I asked you this earlier, but just to make sure.

If this what you posted, is your actual java file, (as in not something you pasted together for the purposes of attaching it here) there are several things awry.

1) You have two public classes in the file. While Employee is not declated public, it is public by default. Also Staff is public. You cannot have this. It simply will not work. Either break them to separate classes (resulting separate files), or you can make one inner class of the other. Advice to take the first option.

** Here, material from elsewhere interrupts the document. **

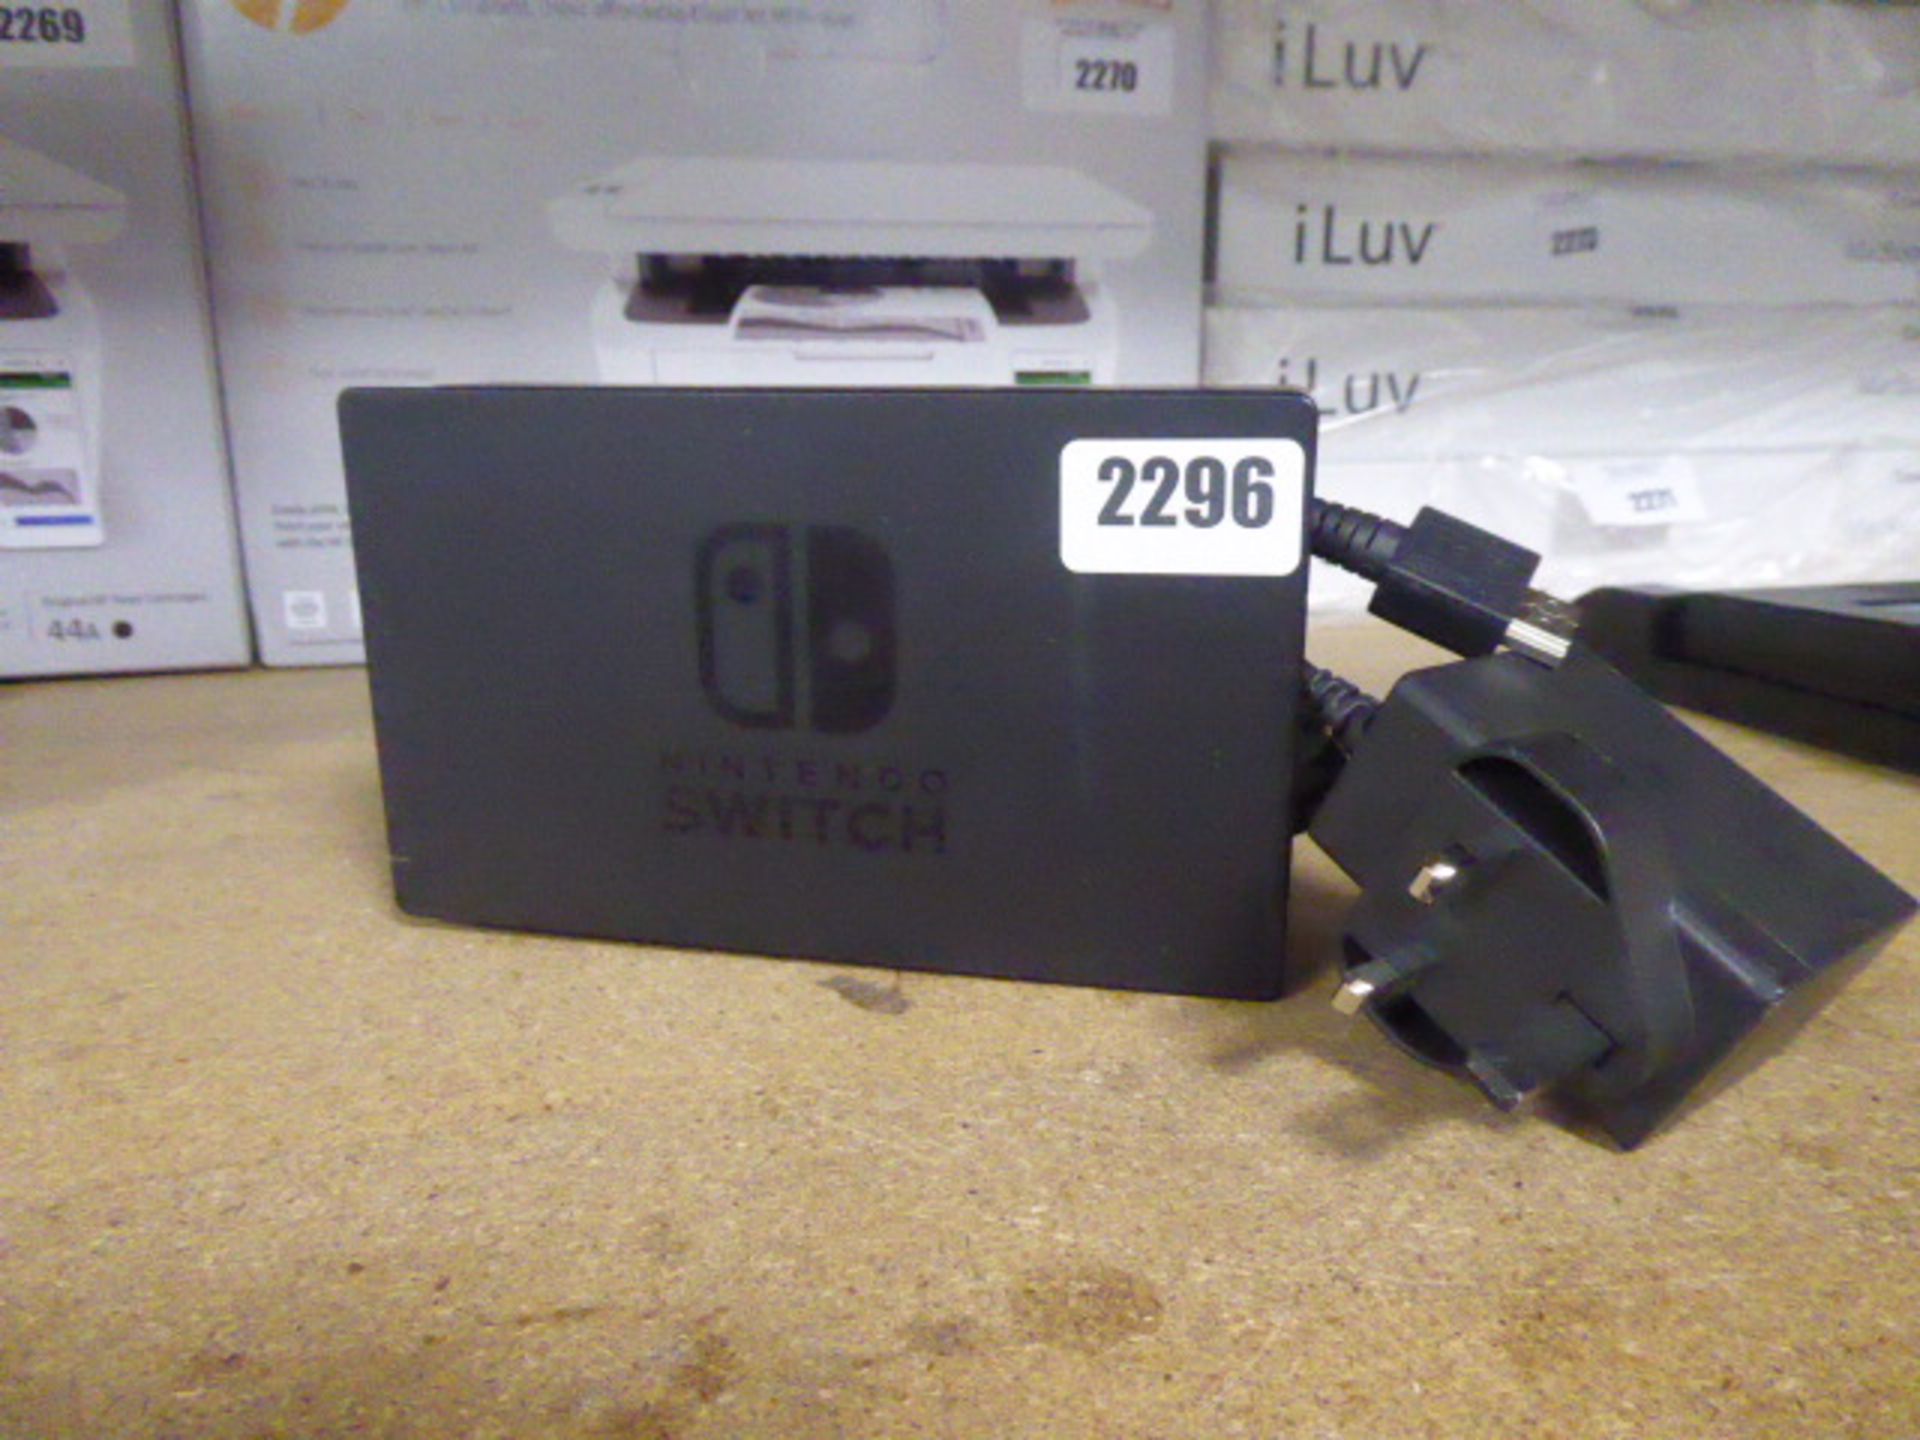 Nintendo Switch AV charging dock.

2) Where are the imports? For the class to get to use all the things you use, the relevant classes need to be declared in the imports. Else it just wont work. Here is the import declarations that I have for testing the code.

Code:
import java.io.BufferedReader;
import java.io.File;
import java.io.FileInputStream;
import java.io.FileOutputStream;
import java.io.InputStreamReader;
import java.io.ObjectInputStream;
import java.io.ObjectOutputStream;
import java.io.Serializable;
import java.util.ArrayList;
import java.util.Collections;
import java.util.ConcurrentModificationException;
import java.util.Iterator;
import java.util.List;
3) The name of the file must match the name of the public class declared. Which is why you cannot have more than one public class to a file. Could it be that you have at a stage just pasted new code or renamed the class by brure force? That would explain this odd incosistency. Always when renaming anything, be it a class, method or variable... use the renaming tools provided by the IDE. Usually they also apply the change where ever changed element is referenced.